I'm making Bacon wrapped Pineapple for my "new 40" birthday party on May 30th.

1 pound Bacon
1 can Chunked Pineapple (large Chunks)
½ cups Brown Sugar
Cut the pound of bacon in half. Put the brown sugar in a shallow bowl. Take a half a slice of bacon and dredge it through the brown sugar. Put a chunk of pineapple on one end of the bacon slice and roll up. Secure with a toothpick.

I plan on putting them in the smoker or doing on the grill to get the bacon crisp faster.

The original recipe calls for a 375* oven -

Put a cookie cooling rack into a foil-lined jelly roll pan.

Lay the bacon pineapple bundles onto the rack.

Bake for at least 25 minutes, or until the bacon looks brown and crispy.

Sometimes I pop them under the broiler for the last few minutes just to get them really crisp. But watch out – the sugar will burn!

Try to wait for them to cool slightly – only because they will burn your lips if too hot!

Enjoy.


----------



## Bearcarver (May 16, 2015)

jrod62 said:


> Its our 30th anniversary coming up June 1 so we are throwing a BBQ at the park on Sunday May 31.
> 
> We will be smoking butts for pulled pork, smoke chicken, hamburger and hot dogs.
> 
> ...


Sounds like you got it pretty well covered !!
	

	
	
		
		



		
		
	


	





That'll be Great !!
	

	
	
		
		



		
		
	


	





Our 46th Anniversary was the end of December, and that's not the time to do a lot outside here in PA, but I did manage a pretty nice Dinner for the 2 of us.

Here's a Peek:

http://www.smokingmeatforums.com/t/175140/bears-46th-wedding-anniversary-dinner

Be sure to post yours!!

Bear


----------



## jrod62 (May 16, 2015)

Thanks for the suggestions...


----------



## b-one (May 16, 2015)

You could slice single rib bones and wrap them in bacon rub before the bacon and after.


----------



## Bearcarver (May 16, 2015)

jrod62 said:


> Thanks for the suggestions...


Jrod,

Here's some from "SQWIB"---- The Master of Appetizers (IMHO):

Appetizers Page  *(link)*

*Bear*


----------



## amlong88 (May 17, 2015)

Mini fatties would be good.


----------



## davidhef88 (May 17, 2015)

Here are some mini fatties I did a while back for a throw down. If you want to show off these are sure to impress.


----------



## bluewhisper (May 17, 2015)

Consider something cool and crisp for contrast, too, like a slaw or a cuke salad:

Peel and dice cucumber. Spread it out in a big colander, give it a good sprinkle of salt, and toss to mix. Leave that in the sink or on a big plate for 10 - 20 minutes, the cukes will release moisture. Make a 50/50 mix of plain yogurt and sour cream; you could add flavors like dill or chives or garlic, or maybe some fine-minced red onion. Combine with the diced cukes, and chill.


----------



## jrod62 (May 17, 2015)

Bearcarver said:


> Jrod,
> 
> Here's some from "SQWIB"---- The Master of Appetizers (IMHO):
> 
> ...


Yes he is master of Appetizers,,,, I check out your page and seen his link so I check out his appetizers page and got few ideas to try.

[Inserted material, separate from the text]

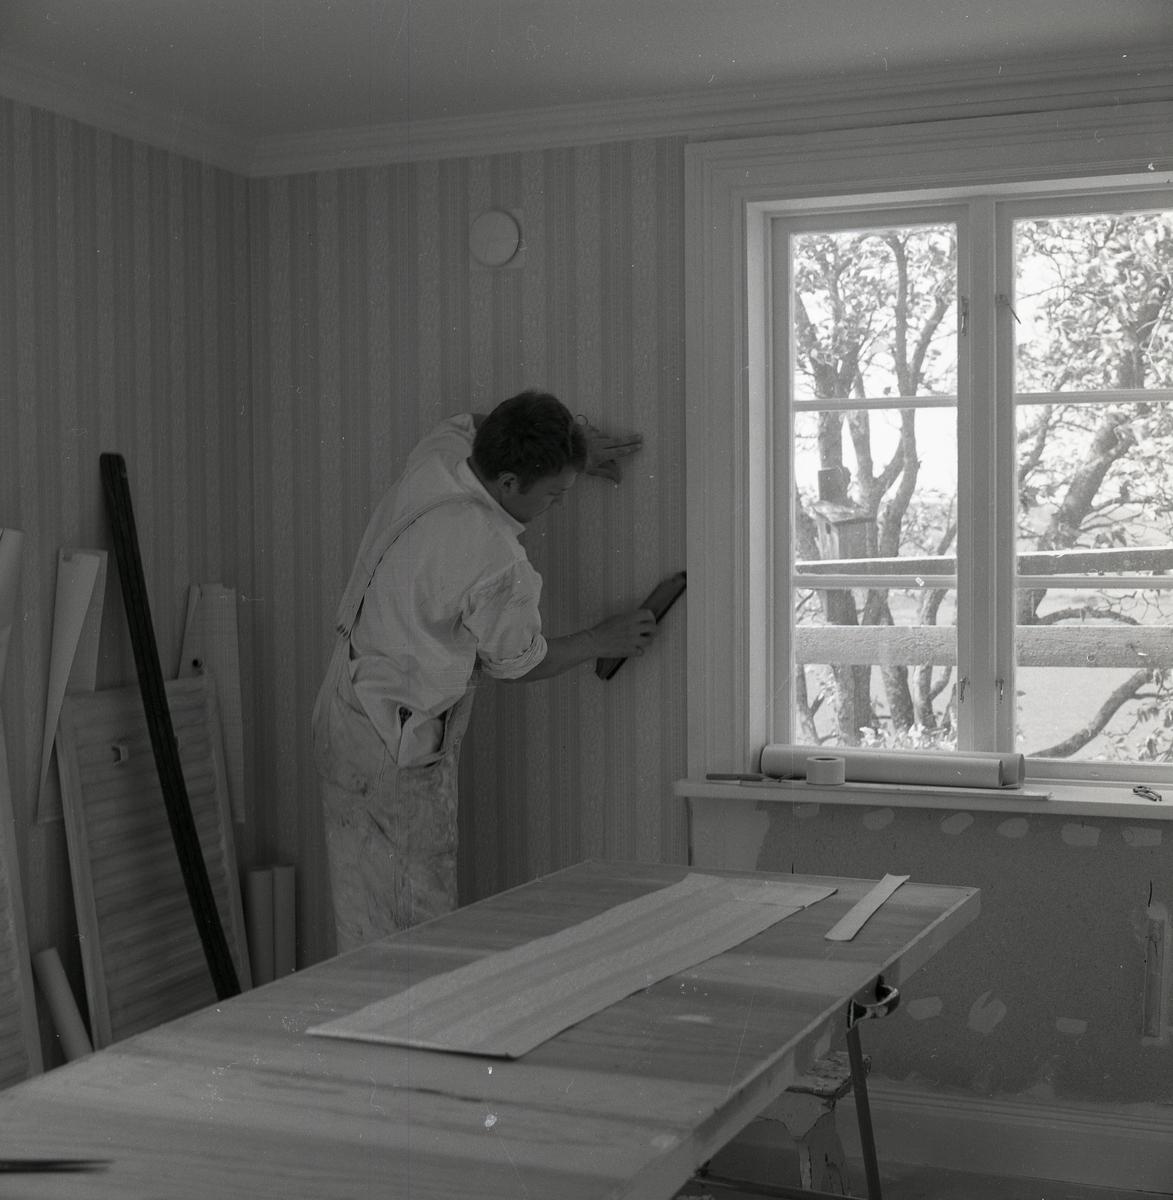 En man tapetserar väggen i ett hus, juni 1968.

Thanks for the info.....can't wait to get smoking that day.


----------



## jrod62 (May 17, 2015)

BlueWhisper said:


> Consider something cool and crisp for contrast, too, like a slaw or a cuke salad:
> 
> Peel and dice cucumber. Spread it out in a big colander, give it a good sprinkle of salt, and toss to mix. Leave that in the sink or on a big plate for 10 - 20 minutes, the cukes will release moisture. Make a 50/50 mix of plain yogurt and sour cream; you could add flavors like dill or chives or garlic, or maybe some fine-minced red onion. Combine with the diced cukes, and chill.

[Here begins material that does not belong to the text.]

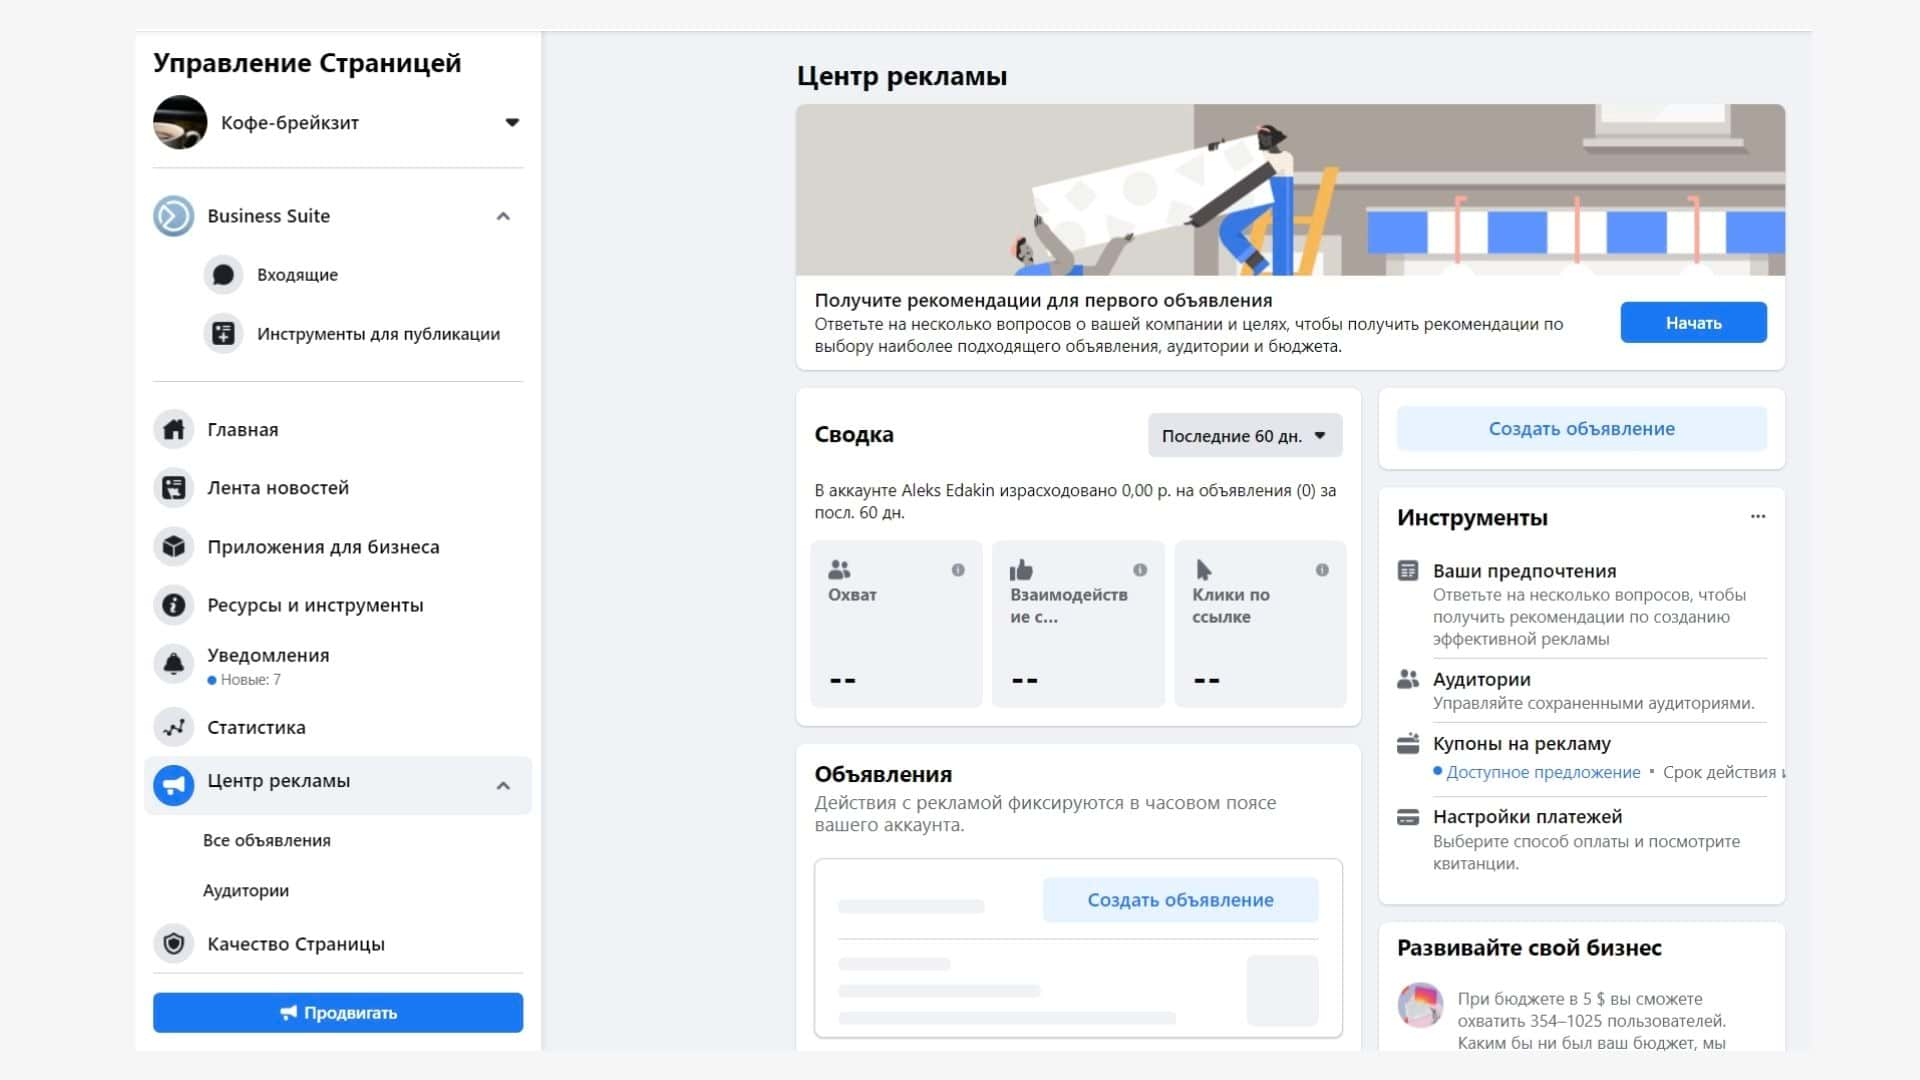 Как быстро запустить рекламу в Фейсбуке

That sounds good...thanks,


----------



## davidhef88 (May 17, 2015)

Davidhef88 said:


> Here are some mini fatties I did a while back for a throw down. If you want to show off these are sure to impress.


Sorry I forgot to add the link. http://www.smokingmeatforums.com/t/118988/feb-throwdown-buffalo-wings-mini-fatties-q-view


----------



## bluewhisper (May 17, 2015)

Another way to sneak in some salad: Make small grilled patties of ground pork with Asian flavors like ginger, green onion, soy, etc., whatever your favorites are. Serve them wrapped in a leaf of iceburg lettuce or maybe napa cabbage, presented as finger food.

We used to make those; for some reason we always called them "Vietnamese bombers." They can be a bit messy so have napkins handy.


----------